The final design of the metric cards on the main platform page prioritized both clarity and actionability. Each card surfaces the most important metric details—performance status, trends, and time frames—using color-coded labels and consistent layout to make scanning easy for busy users. Key indicators such as “At Stretch,” “At Risk,” and “At Target” use both text and color to quickly communicate status.
Micro-interactions like hover effects and expandable sections provide immediate access to more detail without overwhelming the user at first glance. Users can click on “Details,” “Bookmark,” or “Notes” directly from the card to dig deeper or customize their experience. Notification badges on the Notes icon call attention to new or important updates, but avoid visual clutter by only appearing when relevant.

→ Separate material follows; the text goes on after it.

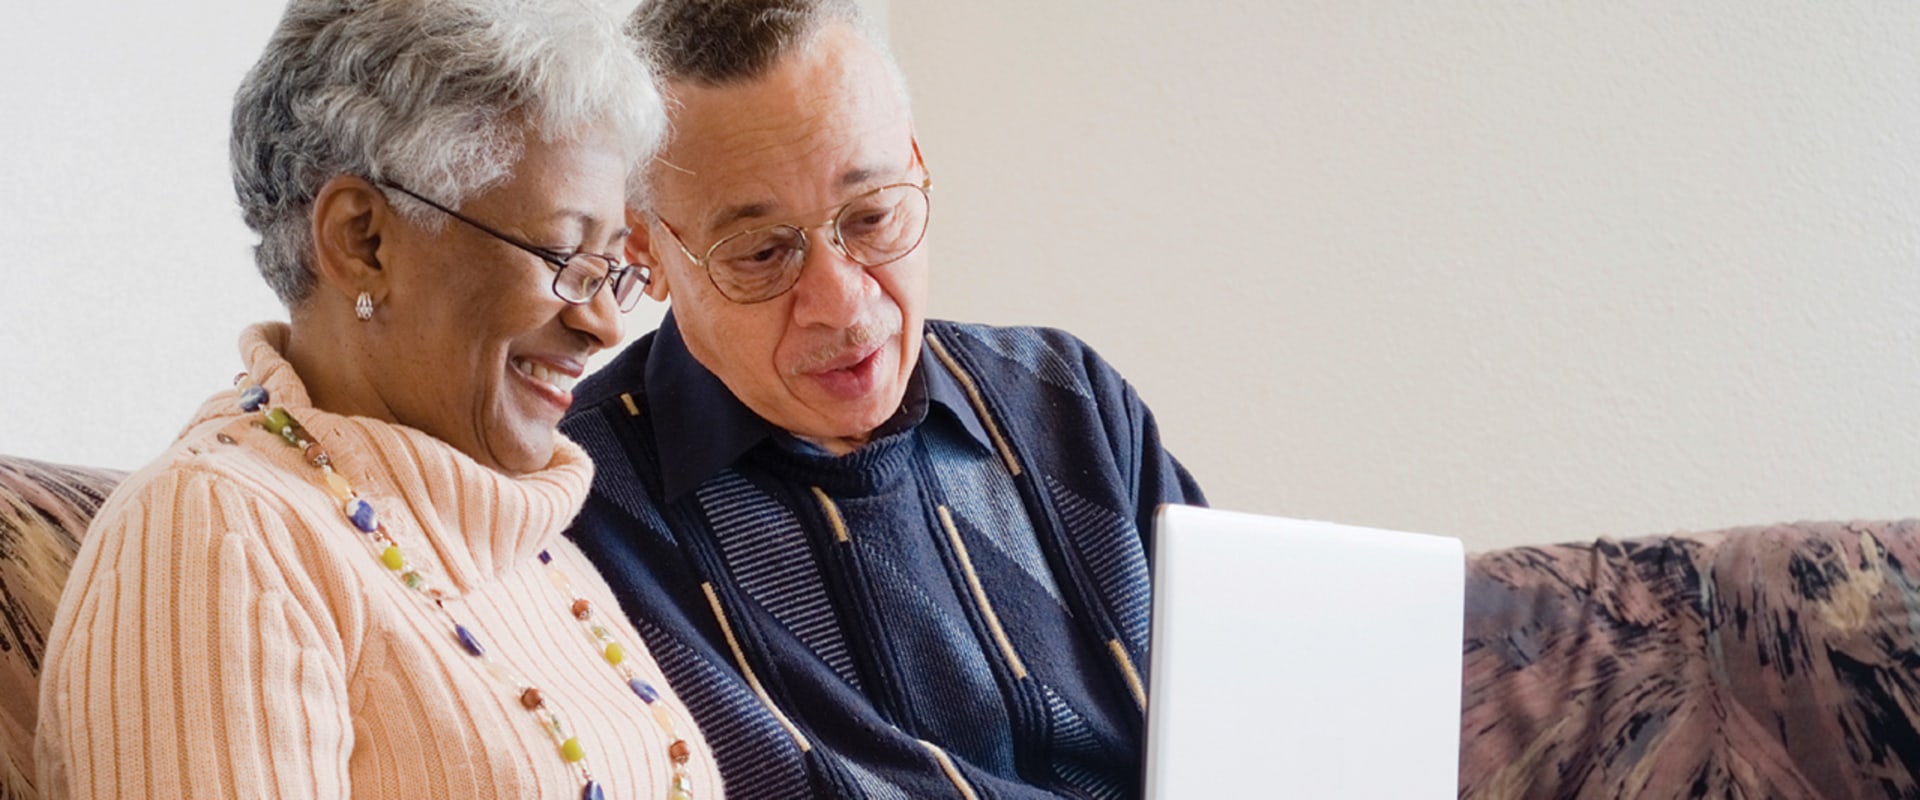 Identifying Needs and Goals for Home Care Services

Every card is generated dynamically from real-time model output, so as the underlying machine learning improved, the presentation could adapt without disrupting the overall user experience. This approach balanced technical power with usability, supporting both high-level monitoring and deeper investigation as needed.

Outcome and Impact
The redesigned insight modules were implemented across the analytics platform and adopted by clinical and executive users. Following the launch, feedback indicated that the new summaries were significantly easier to understand and more trustworthy.
Users began referencing insights during meetings and using them to guide follow-up questions or deeper analysis. Platform analytics showed a 20% increase in insight interaction. Users spent more time hovering, expanding, and following up on summaries.
The clear tone and structured layout helped clinical teams adopt a shared understanding of trends and changes. This redesign became the foundation for future AI-driven summaries across the platform and demonstrated that even complex content can be made usable through thoughtful design.